PS Here is the basic structure of the code (which I run for enough timesteps to minimize any effect the initialize sequence might have on performance)
-Initialize - construct initial condition, write to GPU, etc.
-Main loop - for each timestep,
- update boundary conditions (1 kernel)
- integrate (4 kernels – I do this to prevent race conditions) This is the bulk of the computational work. The memory from the cudamemcpy operations is read into 1D global vectors and written back into the arrays the host sees at the end of the integration.
- find a new timestep (1 kernel)
As a general rule, each grid element is updated by its own thread. blockDim.x = 128. Nothing too fancy going on.
Try minimizing the data movements in global memory.
Separating work into multiple kernels is good if it avoids global synchronization problems, but it means that data needs to be read (and possibly written) multiple times.

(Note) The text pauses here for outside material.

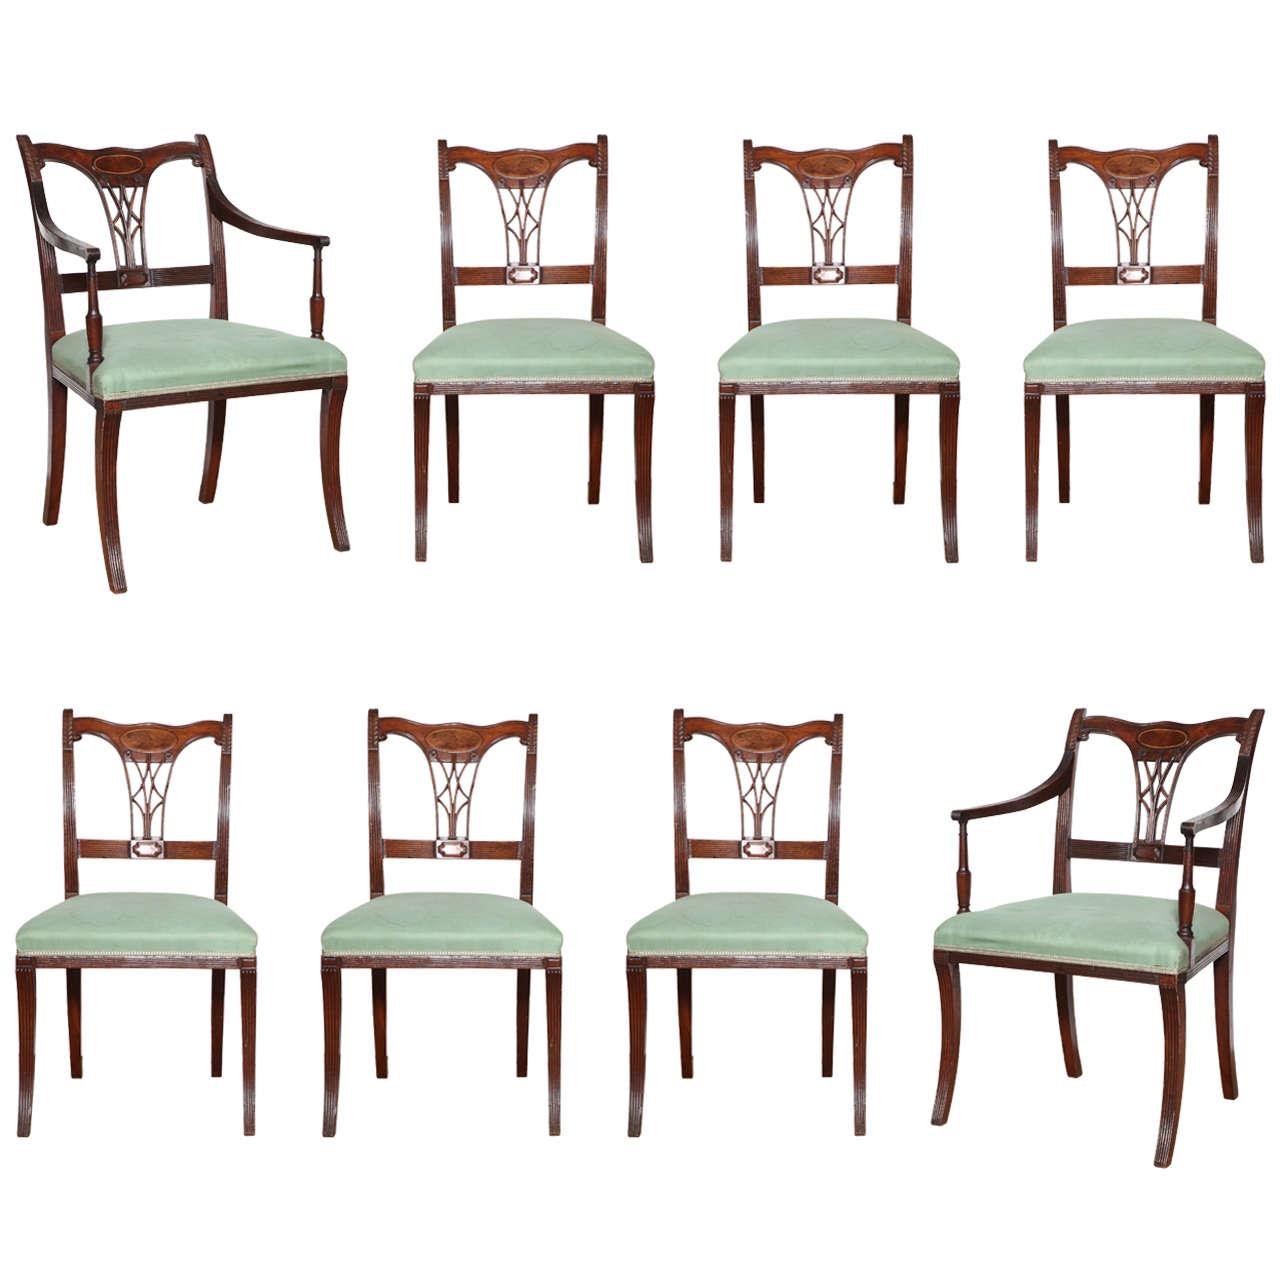 Set of Eight Early 19th Century Irish Regency Mahogany Dining Chairs
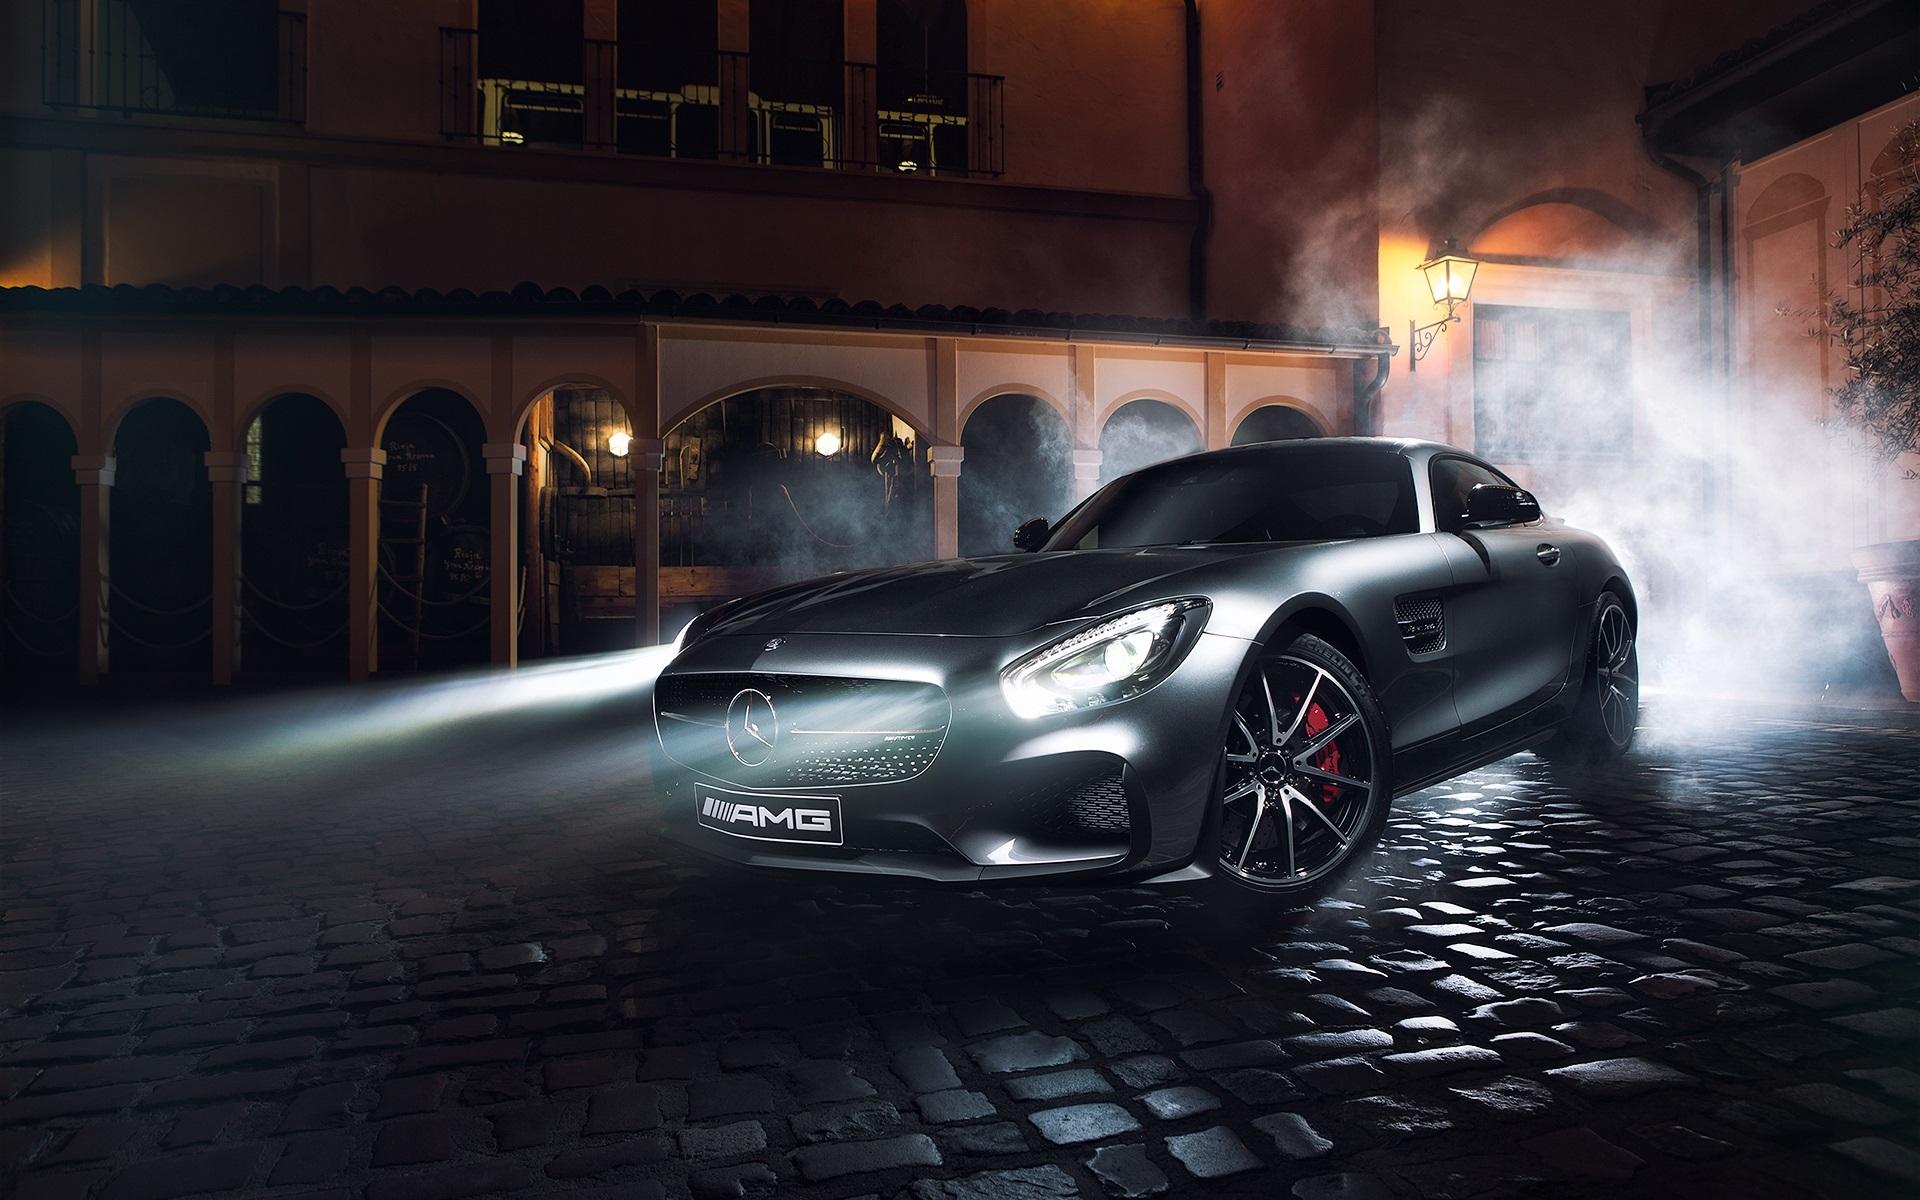 Mercedes Benz Amg Gt S Silber Supercar Nacht Licht Rauch

Device memory is about 10Ã— faster than host memory, but if 5 kernels lead to the data being accessed 5Ã— as often as on the host, only a 2Ã— speedup remains.
Why do you do this? Particularly, why do you do it for every timestep and not just at the beginning and end of a solver run?
Also, if you need the data to have different layouts on host and device, you can avoid one roundtrip through device memory by mapping the host memory to the device and doing host->device copy and data reshuffling in a single kernel.
The program uses a fair amount of higher-order interpolation so the mutliple kernel calls are pretty hard to get around. Point about re-accessing global memory is duly noted though.
The solver outputs the solution for given timestep values periodically and different kernels use their own 1D vectors; maybe its not perfect but I’m hoping its not a major issue right now.
I checked my program in the Visual Profiler and it reports that local memory cache misses are high and that my access pattern is not coalesced. I was sort of expecting this because the data is stored in the global vectors as structs of 7 float values… is there a way to deal with this effectively in CUDA (padding etc.) or should I really split these structs up into vectors of each component?
It depends a lot on how you access the 7 floats.
Rearranging arrays of structs into structs of arrays probably is the best solution, but padding the struct to 8 floats and accessing them as 2 float4 vectors may already get you some way, if all 7 floats shall are read by the same thread.
I’m a bit surprised you get a lot of local memory cache misses though. How much local memory (automatic variables) do you use?